Underbelly 4 Page 9
He left home at eighteen years old to go to the Australian National University in Canberra, where in 1974 he met the woman who was to become his first wife. They married in 1977, the year he took his arts degree, and later had three daughters.
Intelligent and meticulous, Dunstan had ‘obsessional traits’ that became more pronounced with age – and which, his psychiatrist noted drily in a report tendered in court, were shared by ‘most good public servants’.
He later took woodwork, cooking and electronics classes in his own time. A lean man who kept fit and dressed neatly, he was good with his hands as well as his mind, and was attracted early to information technology. He came to be seen as something of a computer expert before a wave of younger, computer-literate staff entered the public service in the 1990s, by which time his star was rapidly dimming.
Dunstan’s troubles began when he transferred to the Tax Office from another department in 1987. At age thirty-two, his psychiatrist was to testify later, he wanted a ‘fresh challenge’. That is, a fresh challenge by public servant standards.

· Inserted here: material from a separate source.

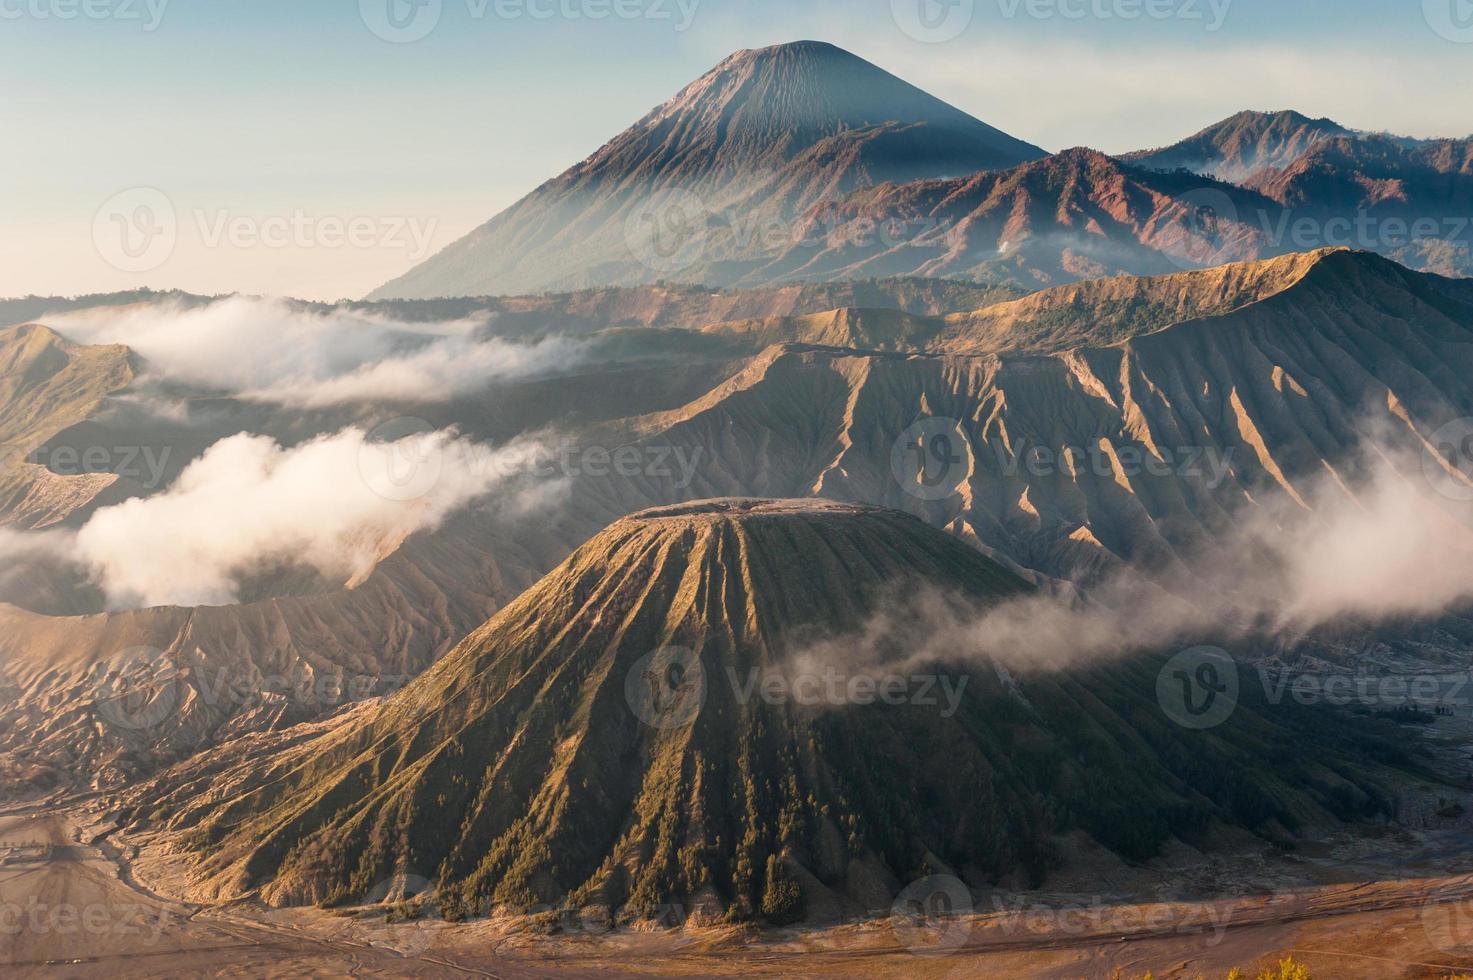 bromo tengger semeru nationalpark. java. indonesien foto

He didn’t want to become a skydiving instructor or trek through the Andes. He didn’t even want to do anything that would alter his daily routine of going to work in Canberra’s rabbit warren of anonymous offices. All he wanted was to be appointed a Data Base Administrator.
He got the job, but trouble came with the territory. A married woman he had known slightly in 1982 in another department was one of his subordinates. She began, he was to complain later, to plague him for advice about problems. She contrived excuses to see him in person, and made it clear she was infatuated with him.
It was the beginning of a bizarre interlude in which the woman – whose name has been suppressed by court order – allegedly began to stalk Dunstan and his family. Dunstan’s wife received mysterious ‘hang-up’ telephone calls and the woman once confronted her. When Dunstan’s psychiatrist later described this period in a report, he put it under the heading Fatal Attraction.
Dunstan became depressed and rattled; it showed in his work and his behavior. He fell into a shortlived affair with the woman, who had pursued him for four years. This aggravated his problems and was eventually to end his marriage and his career. He became isolated from friends, family and workmates.
In early 1992, he moved out of his family home and into a flat and attempted suicide with an overdose of prescription painkillers. His worried wife, meanwhile, approached the other woman’s husband to try to end what she saw as years of harassment.
The already bizarre situation spun out of control and began to involve others when the woman complained to an equal opportunity officer, who allegedly took her side and wrote a letter suggesting that the Dunstans had ‘intimidated and harassed’ the woman.
Dunstan’s version of events, as told to his psychiatrist and lawyers, is that the woman orchestrated a revenge campaign against him by making spurious complaints to his superiors and to the Human Rights and Equal Opportunities Commission.
The Tax Office responded by trying to make it go away – transferring both Duncan and the woman to other sections.
Dunstan recovered from his suicide attempt and continued his struggle against the system with renewed bitterness. By then divorced from his wife, he met and married another woman in 1994 who encouraged his belief that he was a victim. It seemed to him that while the other woman continued to be promoted, his own career had been stalled, if not derailed. In his mind, he’d been made a scapegoat for a mess not of his making, while the real culprit was going unpunished.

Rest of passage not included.